Some Doc2Vec vectors remain untrained, with either giant #s of docvecs or small contrived corpuses

Investigating the user report at https://groups.google.com/d/msg/gensim/XbH5Sr6RBcI/w5-AIwpSAwAJ, I ran with a (much-smaller) version of the synthetic-corpus there, & reproduced similarly inexplicable results, with doc-vectors that should have received at least some training-adjustment showing no change after an epoch of training.

To demonstrate:

import logging
logging.root.setLevel(level=logging.INFO)
from gensim.models.doc2vec import TaggedDocument
from gensim.models import Doc2Vec
import numpy as np
import inspect

class DummyTaggedDocuments(object):

    def __init__(self, count=1001, shared_word=True, doc_word=True, digit_words=False):
        self.count = count
        self.shared_word = shared_word
        self.doc_word = doc_word
        self.digit_words = digit_words

    def __iter__(self):
        for i in range(self.count):
            words = []
            if self.shared_word:
                words += ['shared']
            if self.doc_word: 
                words += ['doc_'+str(i)]
            if self.digit_words:
                words += str(i)  
            tags = [i]
            if i == self.count - 1:
                logging.info("yielding last DummyTaggedDocument %i", i)
            yield TaggedDocument(words=words, tags=tags)
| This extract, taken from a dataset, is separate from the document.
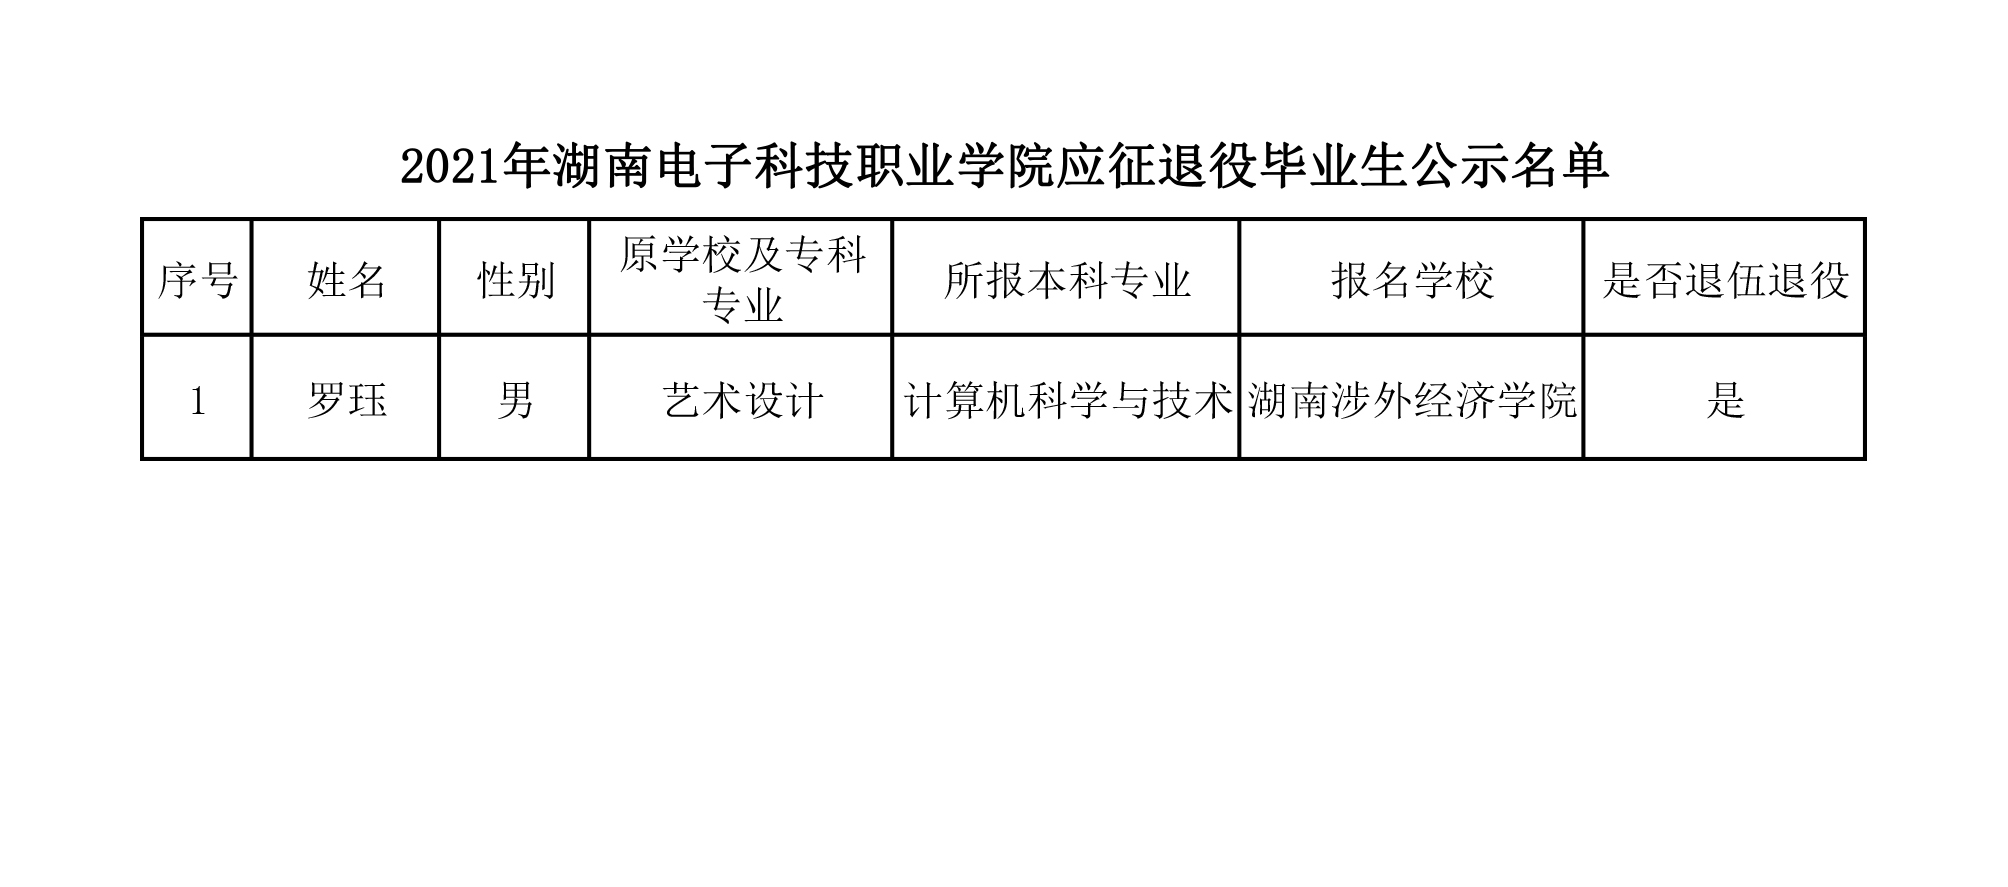 2021年湖南电子科技职业学院应征退役毕业生公示名单.jpg

def test_d2v_docvecs_trained(doc_args={}, d2v_args={}):
    """Demo bug in Doc2Vec (& more?) as of gensim 3.8.1 with sample>0"""
    docs = DummyTaggedDocuments(**doc_args)
    d2v_model = Doc2Vec(**d2v_args)

    d2v_model.build_vocab(docs, progress_per=100000)
    starting_vecs = d2v_model.docvecs.vectors_docs.copy()  

    d2v_model.train(docs, total_examples=d2v_model.corpus_count, epochs=d2v_model.epochs, report_delay=5)

    unchanged = np.all(starting_vecs==d2v_model.docvecs.vectors_docs, axis=1)
    unchanged_indexes = np.argwhere(unchanged)

    return (len(unchanged_indexes), list(unchanged_indexes))

test_d2v_docvecs_trained(d2v_args=dict(min_count=0, sample=0.01, vector_size=4, epochs=1, workers=1))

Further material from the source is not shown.